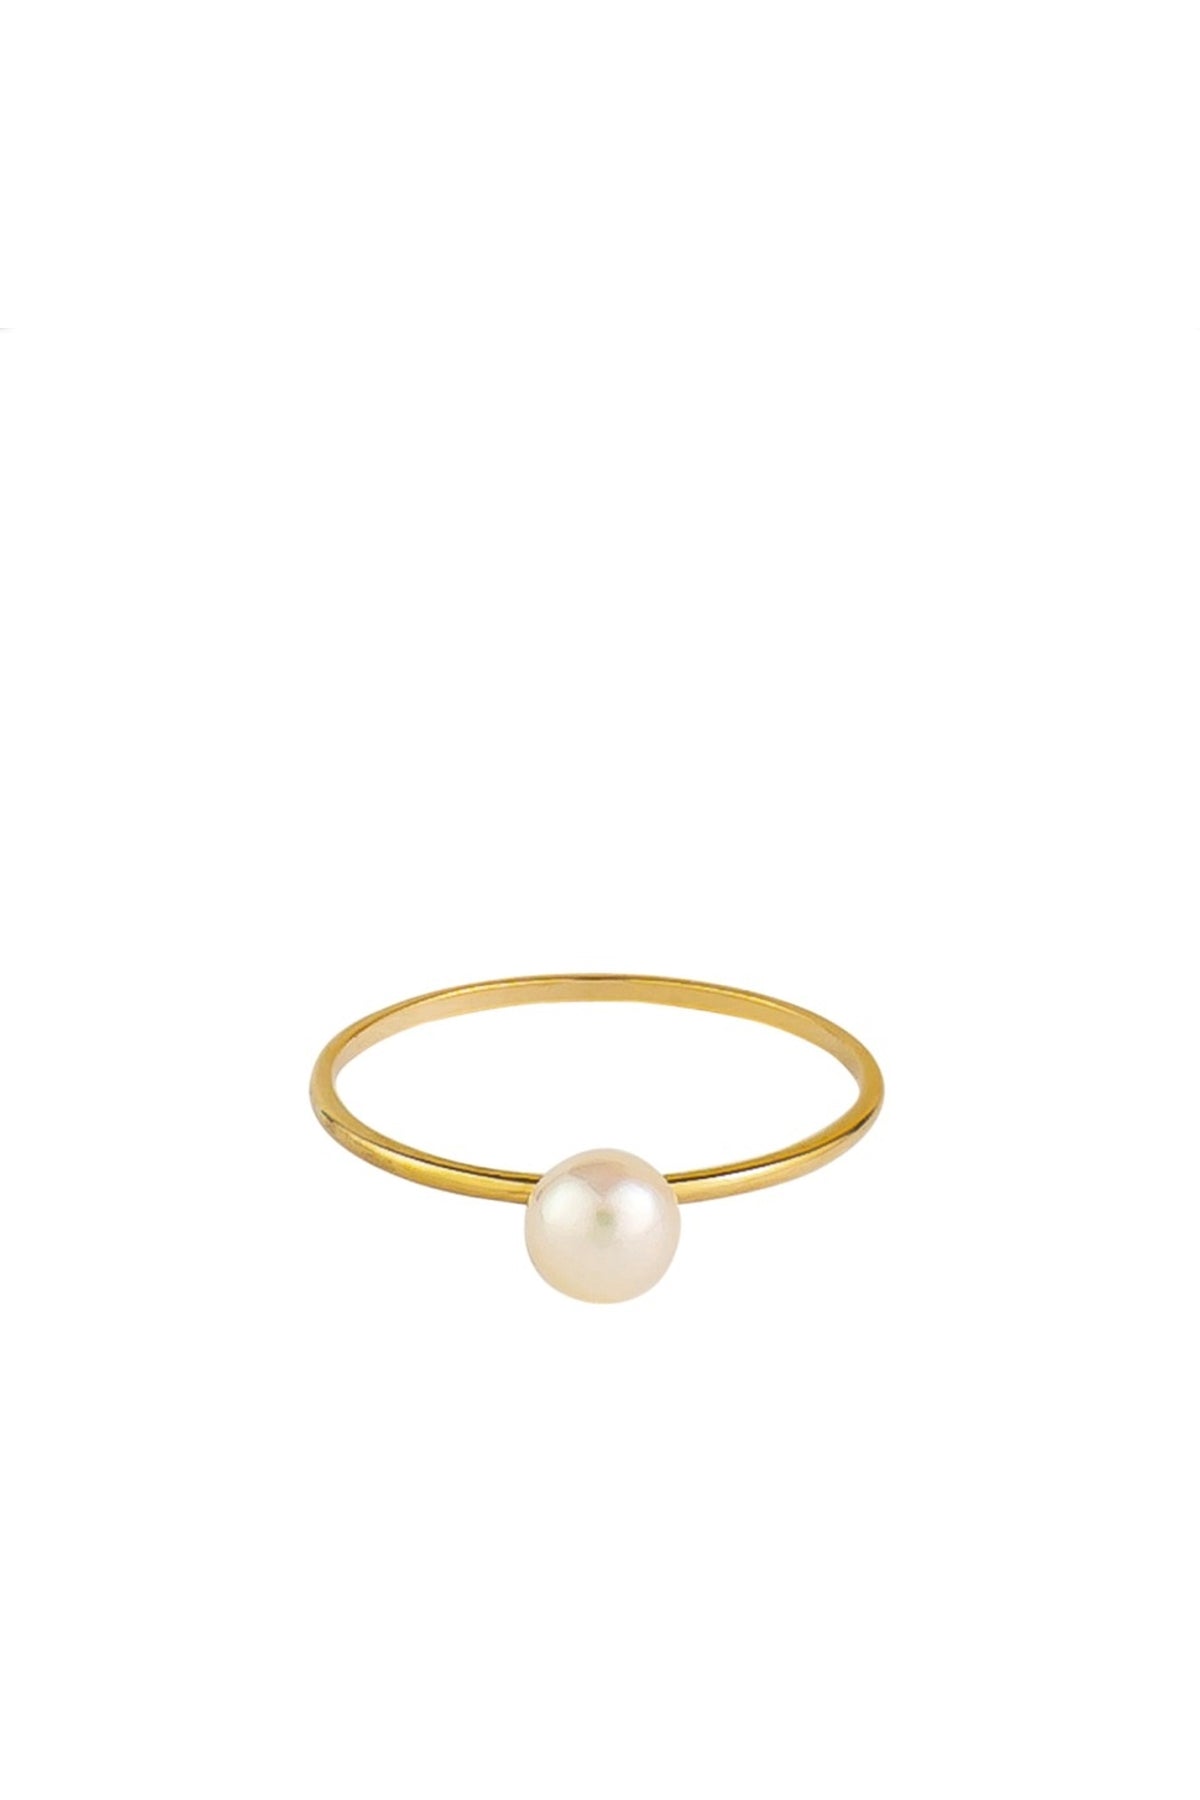 Gold Dainty Single Pearl Ring
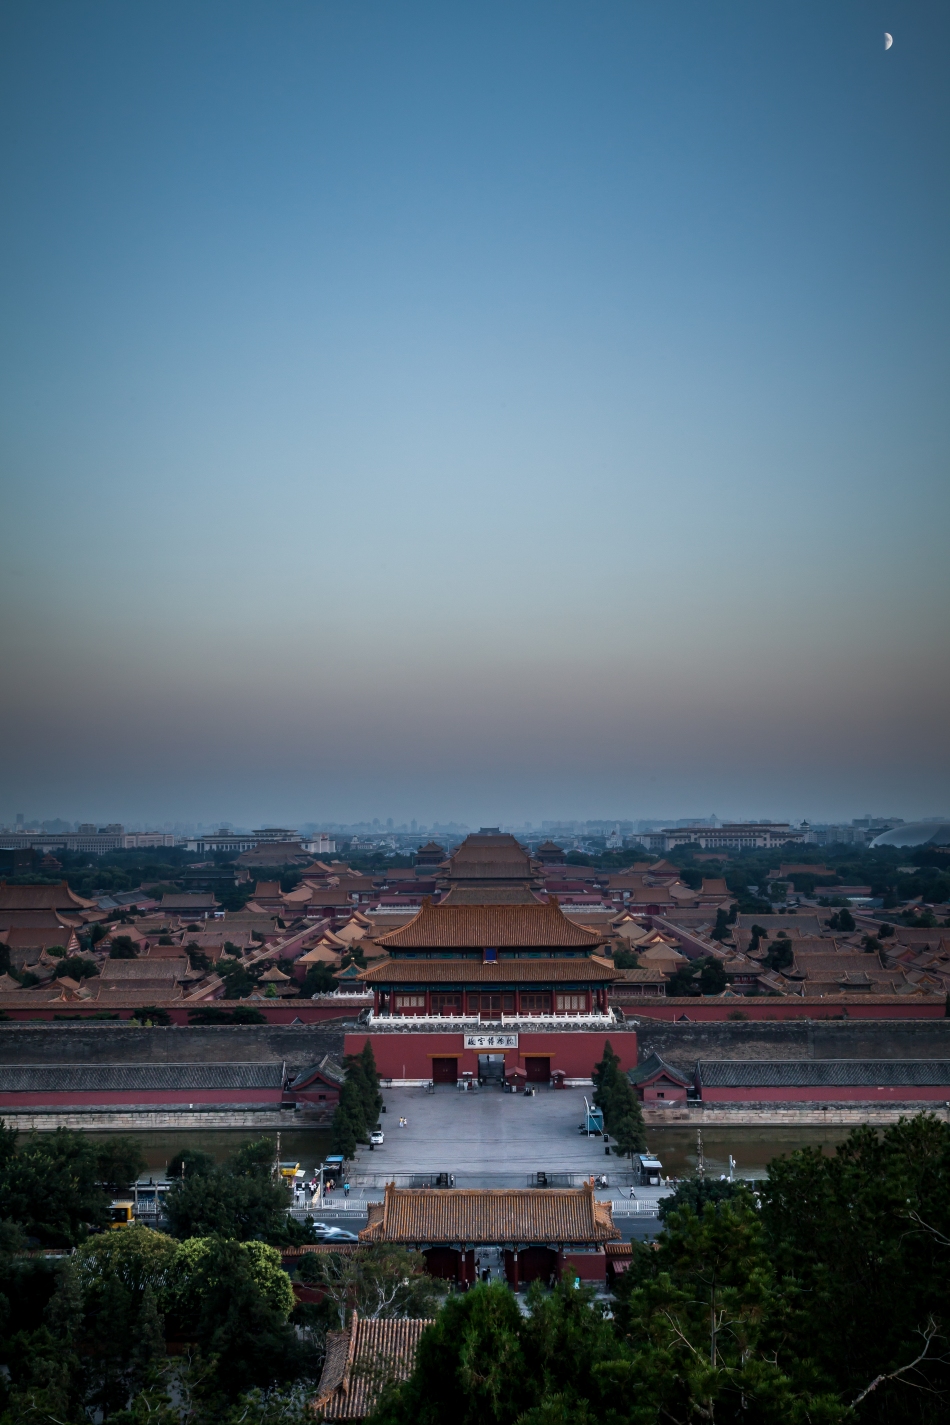 The Forbidden City (紫禁城), viewed from Jingshan Hill (景山) to the north
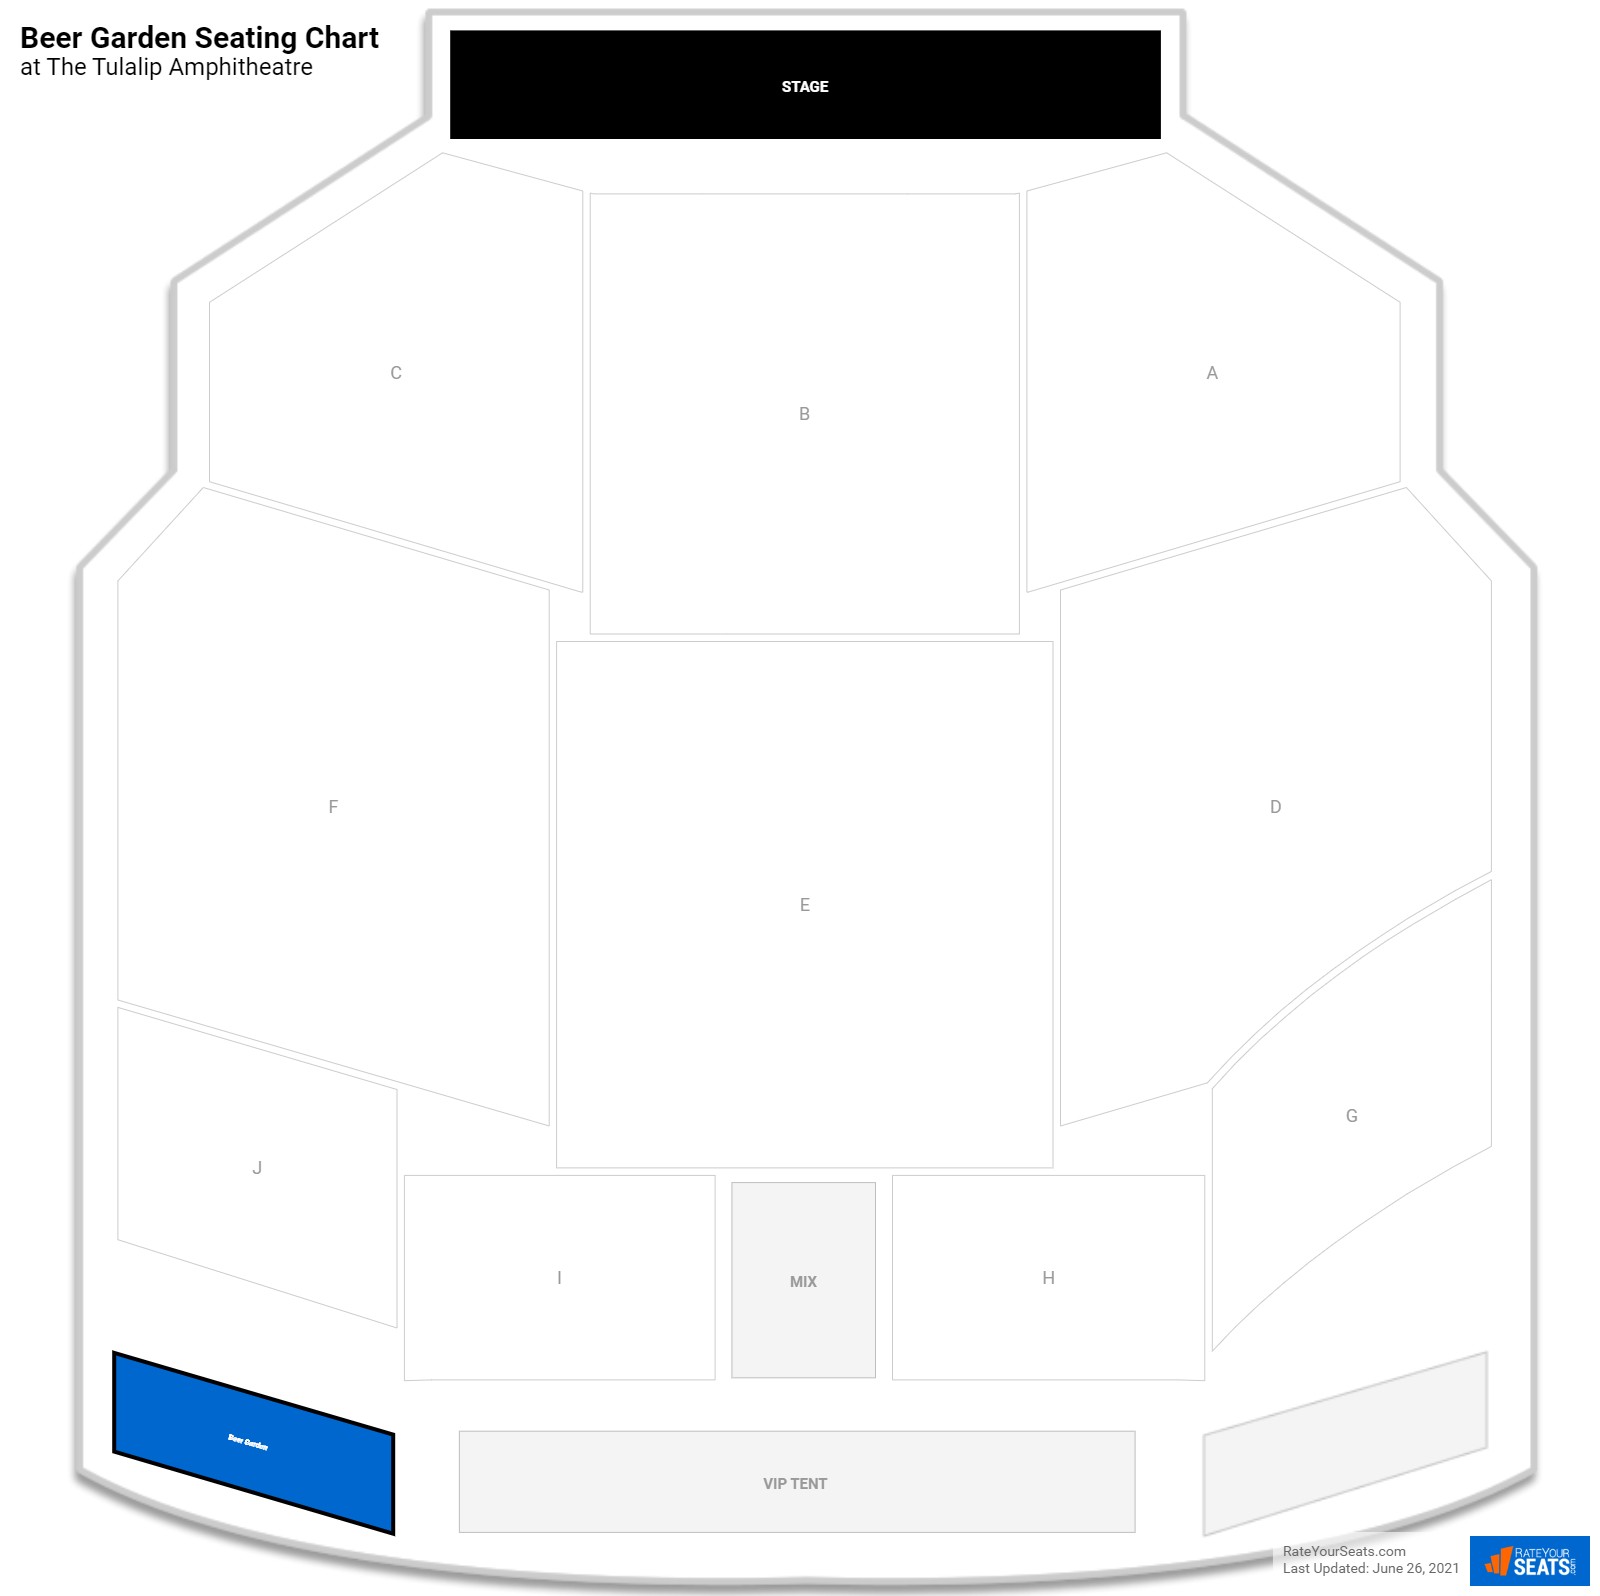 Concert Beer Garden Seating Chart at Tulalip Amphitheatre
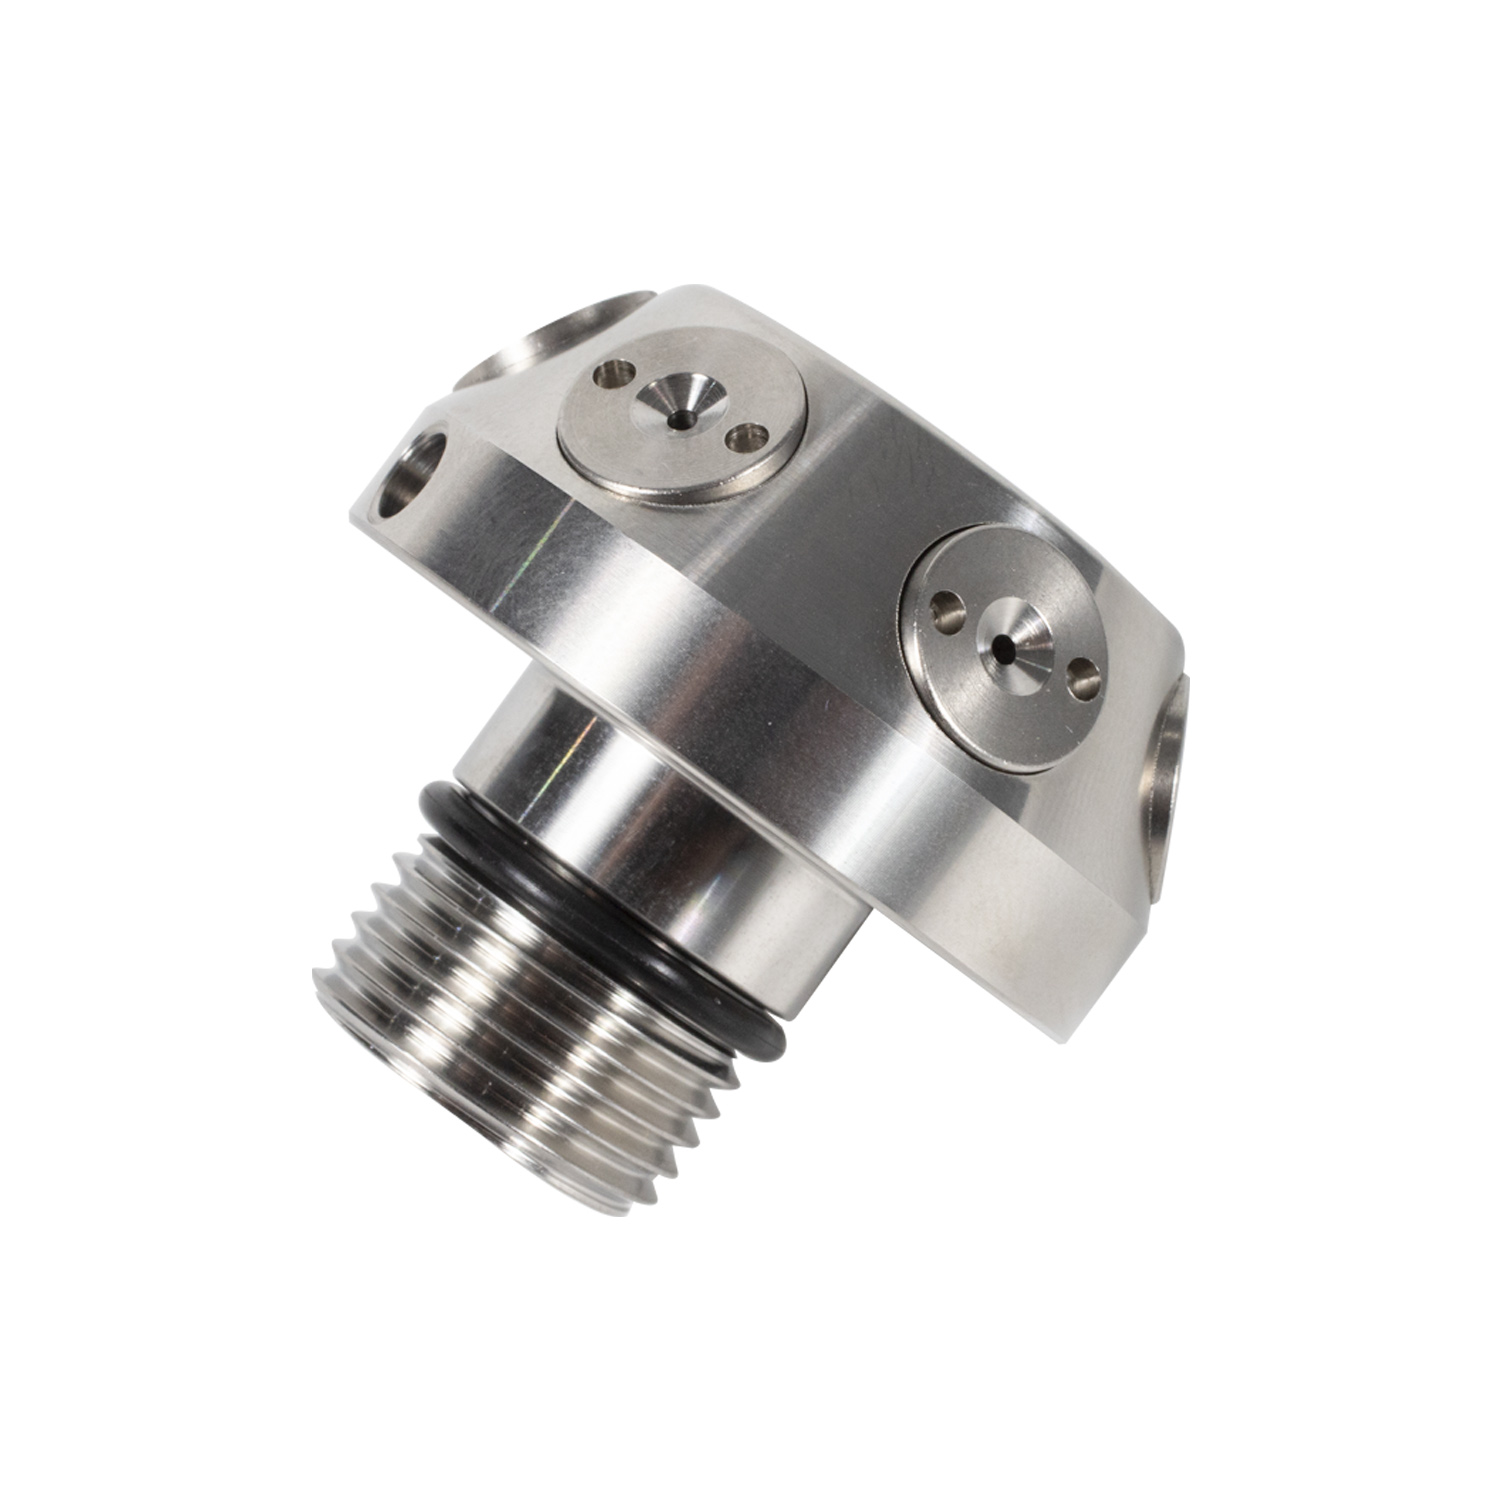 Stainless Steel Materials High Pressure Water Mist Nozzle Customize for Fixed Fire Protection Systems

> _Task to carry out_:
Every line above should be returned exactly; the pictures stay out.

> _Response_:
 Gold Dainty Single Pearl Ring
 The Forbidden City (紫禁城), viewed from Jingshan Hill (景山) to the north
 Concert Beer Garden Seating Chart at Tulalip Amphitheatre
 Stainless Steel Materials High Pressure Water Mist Nozzle Customize for Fixed Fire Protection Systems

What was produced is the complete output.